After the CTF, @isenbaev told via twitter that divide-by-2 in genus 3 hyperelliptic curves. It happens that Magma is very strong, and can compute this kind of stuff very fast. At first, I was very surprised at the fact that divide-by-2 is possible. So what now? What does this mean??

I went over the VDF papers and DARK paper to look at exactly what assumptions they are working with.

VDFs require low order assumption or the adaptive root assumption. The latter is clearly hard, but low order assumption seemed interesing. Can we go further and consider multiplication/division by 3? I'm not sure, but it might be interesting to try. DARK paper mentions using the Strong RSA in Theorem 5. Another interesting thing was that there are papers that try to remove the Strong RSA assumption from arguments working over the integers. I still need to read that paper - it sounds very cool.
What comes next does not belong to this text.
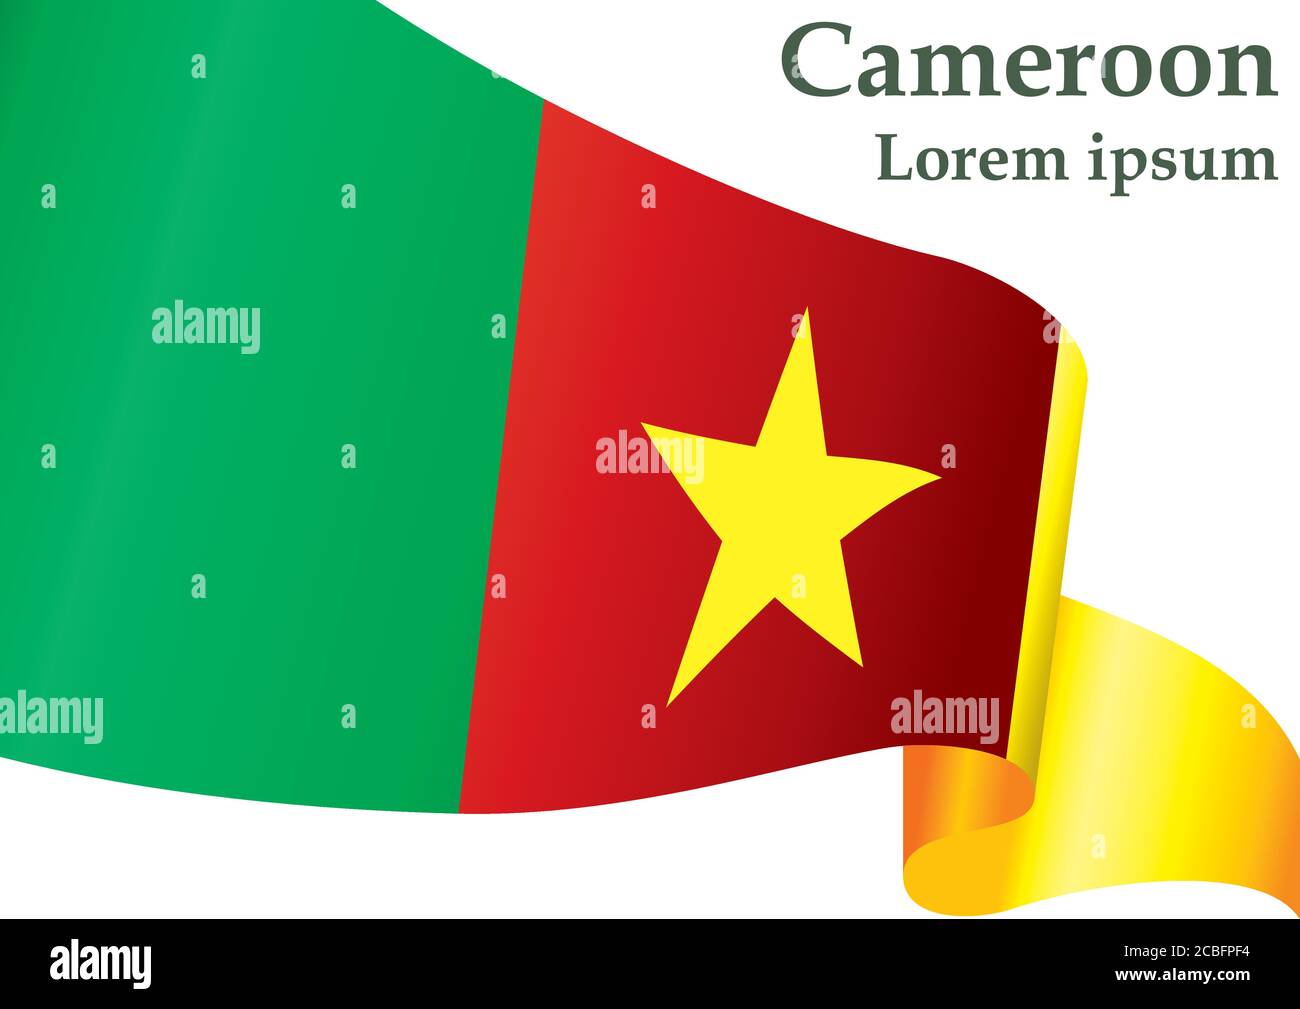 Flag of Cameroon, Republic of Cameroon. Template for award design, an official document with the flag of Cameroon. Stock Vector

After reading more, I saw that the [DGS20] paper already had a defense in mind.

Basically, it considers the set $S$ where low-order assumption is broken, and just considers $\text{lcm}(S) G$. This is exactly the methods used to reduce the RSA group to $\mathbb{Z}_N^\star / \{\pm 1\}$ or something like that. This seems to be enough defense against low order assumption attacks.

What about the Strong RSA assumption side of things? I still thought that the whole dividing-by-2 things being possible was very bad, but as I mentioned before, I learned that even class groups have that property as well. Apparently it's fine.

I guess that not reading the detailed proof for DARK really hurt in the end. The proof is really hard, though...

Anyways, this was a really fun adventure, and I'm more motivated to study now. Thanks to everyone for the discussion.